Reflections on my academic insecurity
I had a solid undergraduate education at Oregon State University. I learned what I wanted to learn, I occasionally had inspiring teachers, and when I wanted it, I found a community of intellectually curious peers in the Honors College and the lab of my excellent research mentor, Margaret Burnett. Like many students from lesser means likely feel, I felt lucky and privileged to even go to college, and even luckier to have found opportunities there.
Applying to doctoral programs was a very different experience. I visited excellent institutions and met impressive faculty, but rather than feeling impressed or inspired, I felt savagely insecure. Everyone around me was from world-class institutions, had more famous mentors, had more research experience than me, and seemed to know far more about research than I did. I was the kid from the rural third tier college, ignorant, eager, and naive about the world. I was an imposter, I was a fraud.
My six years at Carnegie Mellon didn’t change my feelings of inferiority. I was sure the entire time that if I didn’t work twice as hard as everyone around me that I couldn’t possibly keep up. I felt like I had to hide my origins, otherwise someone might realize I didn’t belong there. I got good at feigning confidence, mostly as a cover for my deep feelings of inadequacy. While my peers seemed to be carefree and and at home, I felt like I’d moved to another country, afraid that I couldn’t survive without knowledge everyone else seemed to have effortlessly.
When it came time to prepare for my academic job search, my sense of inferiority held me back. I didn’t network enough, I didn’t advocate for myself, and I certainly didn’t assert my strengths. People on the market the same year as me seemed to be playing some sort of game and seemed to know the rules about what to say, who to say it to, and how to present themselves to be wanted. All I knew was to write a solid application and hope someone saw some promise in me.
Joining the University of Washington felt like coming back to college. I was once again at a large public university. I was surrounded by undergrads who were like me: first or second generation college students, most without means, eager to make the most of their precious time at school. But suddenly, rather than being in a position of working hard to hide my fraud, I was free to do what had always driven me: follow my curiosity and lift those around me by teaching and mentoring. Rather than feeling the crushing weight of tenure, or the judging eyes of my colleagues, I felt like I was in a place where everyone was an imposter in some way, and working hard to overcome it.
Of course, all this time, I’m sure that few people actually viewed me as a fraud. In college, I had near perfect grades, was president of our ACM student chapter, and was thriving in research. In grad school, I published over twenty works, famously never had a paper rejected, won a lot of fellowships and paper awards, had ten job interviews at many top institutions, and as a student at the top place for HCI research in the world. And as faculty, I continued this visible success, but without the burden of inferiority, and with a strong sense of collegiality and support from everyone around me.
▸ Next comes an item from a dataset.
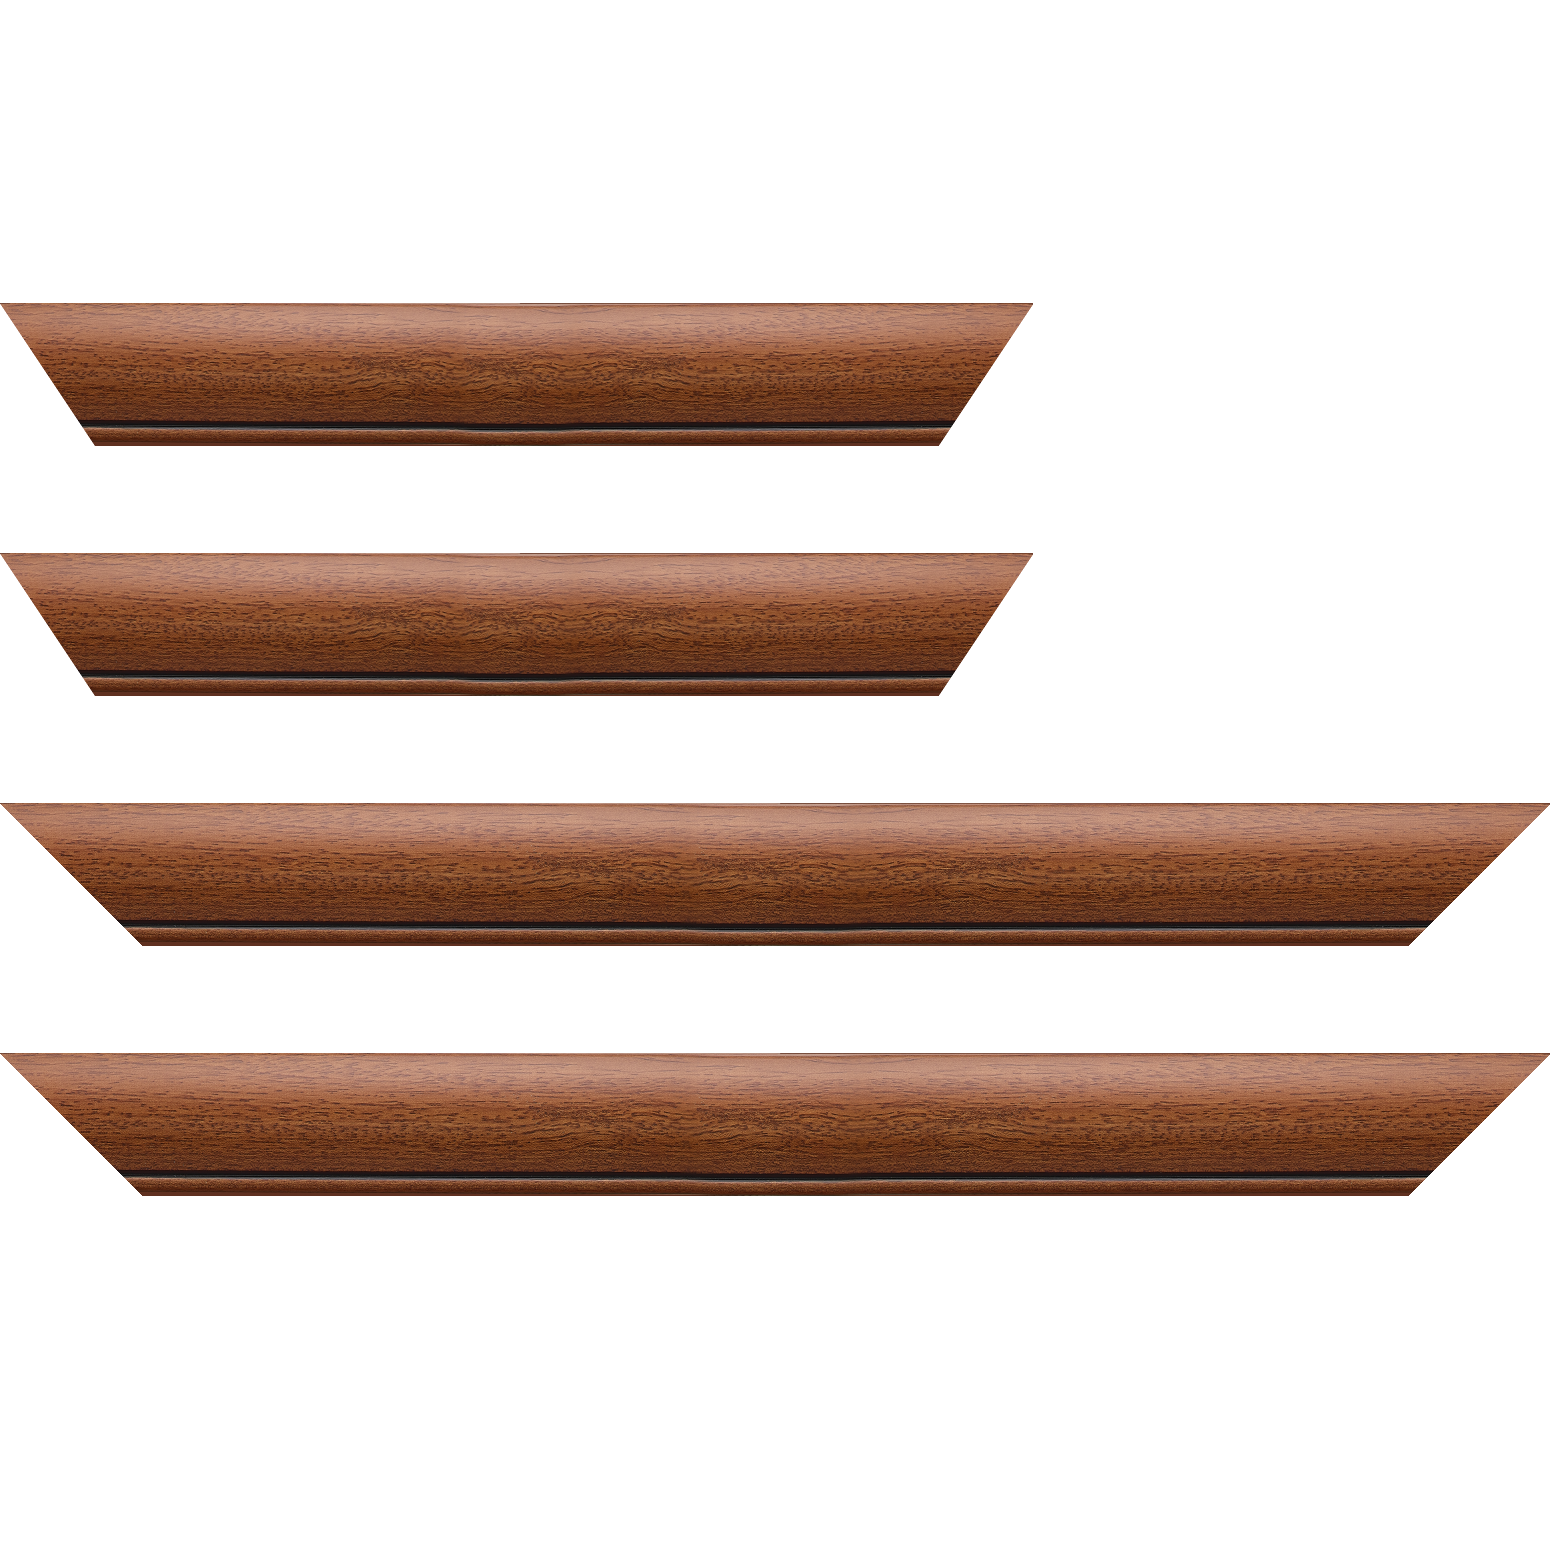 Baguette bois profil arrondi largeur 4.7cm couleur marron ton bois satiné rehaussé d'un filet noir - 34x40

The worst part of all of this is not that I felt inferior. (That feeling of inferiority was part of what made me work so hard.) The worst part is that through all of my success, I’ve probably made countless others also feel inferior by keeping my feelings of inferiority private. I should have spent the past twenty years making my fears visible to everyone around me. I should have called my peers out every time they said something elitist or exclusionary. I should have directed some of that hard work at creating spaces for my peers in my academic community to feel included, supported, and welcome. But instead, awash in imposter syndrome, I hid, and it hurt people.
I don’t hide anymore. Because of outstanding efforts in my community to openly discuss imposter syndrome, to develop mentorship, and to support marginalized groups in academia, I’ve learned a lot about how to prevent all the harm I likely did earlier in my career. I celebrate my successes, but I share my failures too. I try to be radically transparent in my research, teaching, and service, reminding everyone that we are all human, we all fail, and we all struggle. And most importantly, I try to tell people my story, so they see that while I may be successful by many measures, it because of a lot of hard work, a lot of luck, a lot of wonderful mentors who encouraged me and helped me navigate the world. And that if they ever need someone to do the same, I’m available.